September 4, 2008 at 10:03 pm
I went to college with somebody called MARK WAINAINA at CITY OF LOND COLLEGE CLASS OF 2001 DMS COURSE, please anybody knows this man please give him my contact/email address, he is a KENYAN.
Thanks,
EDWARD ALEX MKWELELE
edwardmkwelele@yahoo.co.uk
December 6, 2008 at 11:43 pm
Fidelis, it’s been several months since you’ve but I miss you miss you big time. This is the prayer that I wrote on March 5th, 2008, the day you passed on:
My Father and Almighty God, I come before your throne of grace with my hear full of praise though I know praise comes hard at a time such as this when we have lost a dear and wonderful friend Gathoni who passed away earlier today – but you O God are God and you change not and so my God I know that I can trust you. Unlike man who changes every so often you are the same yesterday, today and forever. Gathoni’s journey ended today – hard to even say that but I know that she is safely tucked up in heaven where we shall meet when our time comes. I feel totally crushed and almost helpless especially when I think of how her family must be feeling. I pray that you may visit each of her family members and console them. Give them your grace that is sufficient to carry them through this huge lose. May your hand be upon them during this time of great sorrow. In Jesus name I pray, Amen.

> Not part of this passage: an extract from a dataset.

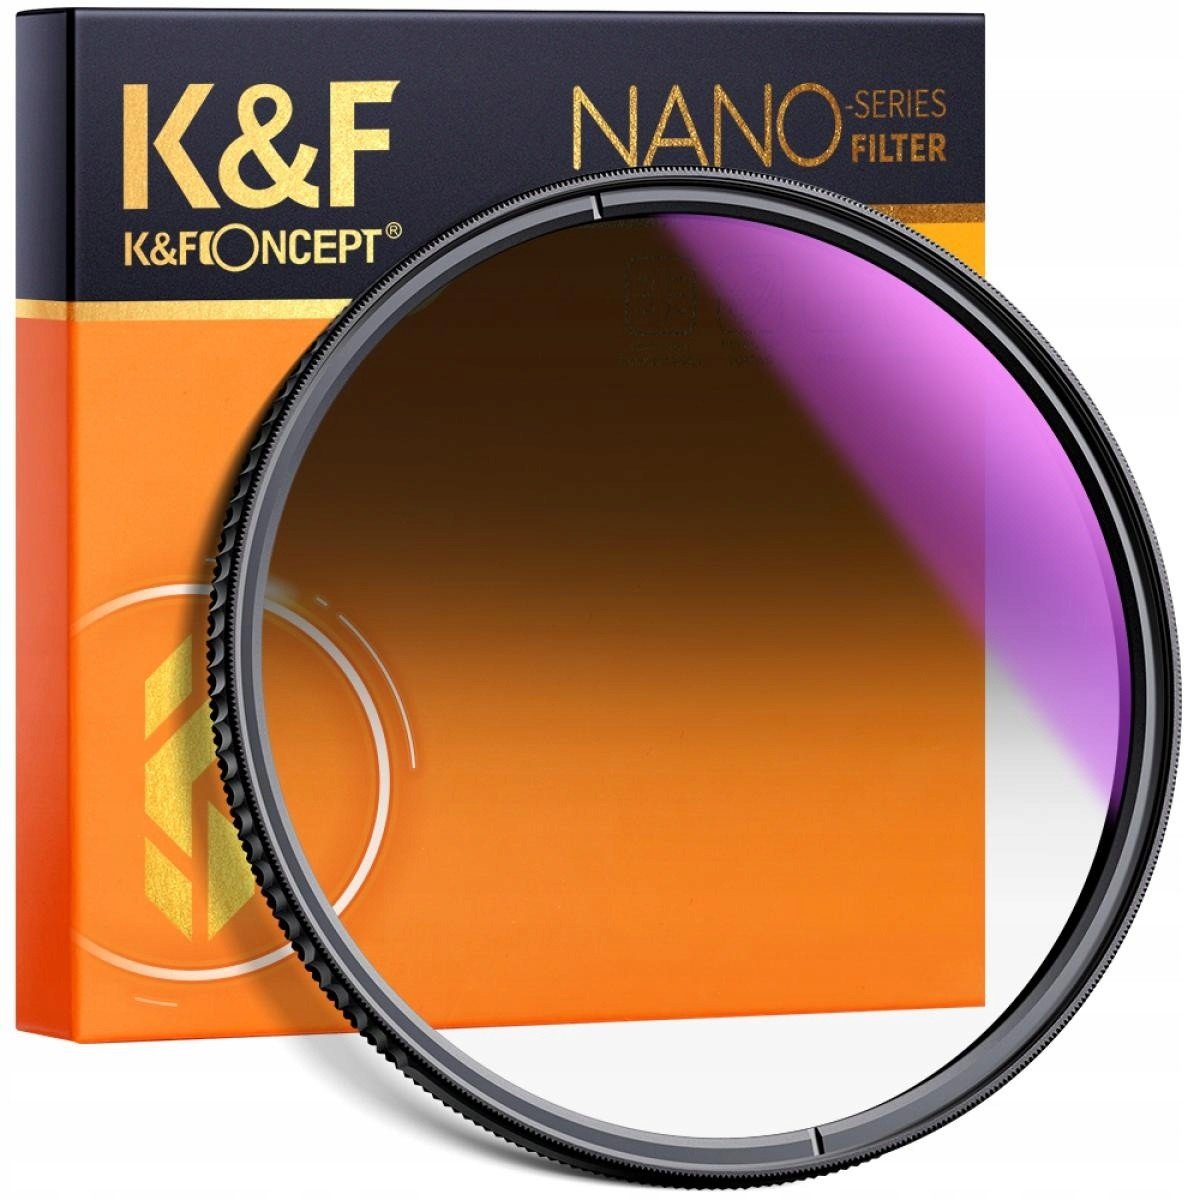 K&f Filtr šedý NanoX GND8 Soft 58mm

January 30, 2010 at 4:36 pm
I was shocked to find this news by accident. It is now about 1½ year since the death of this dear person.
Fidelis will always be a great source of inspiration for anyone that wants to promote real change.
Met her at her projects home, Maseno, near Kisumu, in my young days when doing field research for a master thesis in tropical agriculture. As a development work professional, I know that many things can be said about how best to promote change and development among rural poor. Fidelis acted it; the very best of it. She wasted no time making long smart speaches but just lived out her call, our call, and established a remarkable and genuine partnership with the rural poor. She identified herself with the poorest and forgotten – those people who are often invisible and out of reach for the mainstream development organisations. I am convinced she will be missed long by a lot of people, to whom she communicated God’s love. By helping to restore people’s dignity, she showed us that true poverty is when you are unable to use the ressources at your hand – how few they may ever be.
May her memory and the spirit of her gentleness and care never leave us – then we would be really poor.